Could you restate exactly the lines that begin at the line with "Ustawa-gornicza-wraz-z-zapisami-dla-ZPMW_D20150143_07" and end at the final line of the data?

- [Entries provided]
+-------+
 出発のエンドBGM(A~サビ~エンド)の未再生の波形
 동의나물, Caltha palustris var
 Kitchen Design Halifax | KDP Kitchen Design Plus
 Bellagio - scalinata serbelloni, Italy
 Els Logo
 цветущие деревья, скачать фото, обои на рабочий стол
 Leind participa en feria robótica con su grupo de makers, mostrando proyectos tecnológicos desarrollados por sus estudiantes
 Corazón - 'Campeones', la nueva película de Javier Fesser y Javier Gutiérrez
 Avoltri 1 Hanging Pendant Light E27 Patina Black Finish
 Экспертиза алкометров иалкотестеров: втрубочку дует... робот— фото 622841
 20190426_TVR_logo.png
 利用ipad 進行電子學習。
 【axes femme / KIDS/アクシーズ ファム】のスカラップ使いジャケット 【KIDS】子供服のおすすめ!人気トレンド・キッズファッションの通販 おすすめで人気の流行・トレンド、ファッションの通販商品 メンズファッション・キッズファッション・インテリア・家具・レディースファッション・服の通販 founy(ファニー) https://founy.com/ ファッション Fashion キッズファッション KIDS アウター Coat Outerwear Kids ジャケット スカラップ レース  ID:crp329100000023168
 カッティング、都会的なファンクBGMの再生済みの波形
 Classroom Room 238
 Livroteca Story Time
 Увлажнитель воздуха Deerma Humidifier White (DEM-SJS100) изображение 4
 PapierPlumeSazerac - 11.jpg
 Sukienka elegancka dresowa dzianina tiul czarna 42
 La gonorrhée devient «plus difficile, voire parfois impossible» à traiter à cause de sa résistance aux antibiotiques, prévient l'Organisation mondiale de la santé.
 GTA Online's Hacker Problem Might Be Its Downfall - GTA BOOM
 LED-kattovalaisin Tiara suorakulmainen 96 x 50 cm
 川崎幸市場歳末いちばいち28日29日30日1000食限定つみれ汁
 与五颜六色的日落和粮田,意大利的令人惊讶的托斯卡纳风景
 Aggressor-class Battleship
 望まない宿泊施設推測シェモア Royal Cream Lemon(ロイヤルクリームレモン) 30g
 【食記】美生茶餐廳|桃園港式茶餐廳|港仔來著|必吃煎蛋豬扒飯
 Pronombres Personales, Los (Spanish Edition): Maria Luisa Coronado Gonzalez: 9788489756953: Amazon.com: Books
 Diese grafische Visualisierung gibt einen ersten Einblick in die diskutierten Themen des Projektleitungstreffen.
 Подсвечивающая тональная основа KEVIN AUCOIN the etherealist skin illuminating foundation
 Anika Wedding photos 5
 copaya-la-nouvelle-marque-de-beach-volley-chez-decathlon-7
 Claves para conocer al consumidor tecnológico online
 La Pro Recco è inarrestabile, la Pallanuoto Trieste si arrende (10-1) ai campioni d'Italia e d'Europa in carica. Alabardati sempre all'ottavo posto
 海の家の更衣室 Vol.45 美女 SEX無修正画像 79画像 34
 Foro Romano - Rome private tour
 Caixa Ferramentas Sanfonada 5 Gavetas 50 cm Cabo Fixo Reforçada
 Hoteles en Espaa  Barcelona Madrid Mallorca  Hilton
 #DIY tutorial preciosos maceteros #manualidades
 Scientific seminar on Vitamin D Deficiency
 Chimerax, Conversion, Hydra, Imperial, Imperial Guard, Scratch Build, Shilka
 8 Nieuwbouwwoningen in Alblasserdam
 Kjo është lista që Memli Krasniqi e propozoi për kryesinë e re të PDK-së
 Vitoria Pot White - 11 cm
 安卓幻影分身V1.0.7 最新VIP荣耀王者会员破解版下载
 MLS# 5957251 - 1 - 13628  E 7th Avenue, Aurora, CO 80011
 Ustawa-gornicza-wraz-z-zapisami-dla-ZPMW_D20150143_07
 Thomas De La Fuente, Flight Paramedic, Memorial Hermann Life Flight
+-------+
- [Written answer]
 Ustawa-gornicza-wraz-z-zapisami-dla-ZPMW_D20150143_07
 Thomas De La Fuente, Flight Paramedic, Memorial Hermann Life Flight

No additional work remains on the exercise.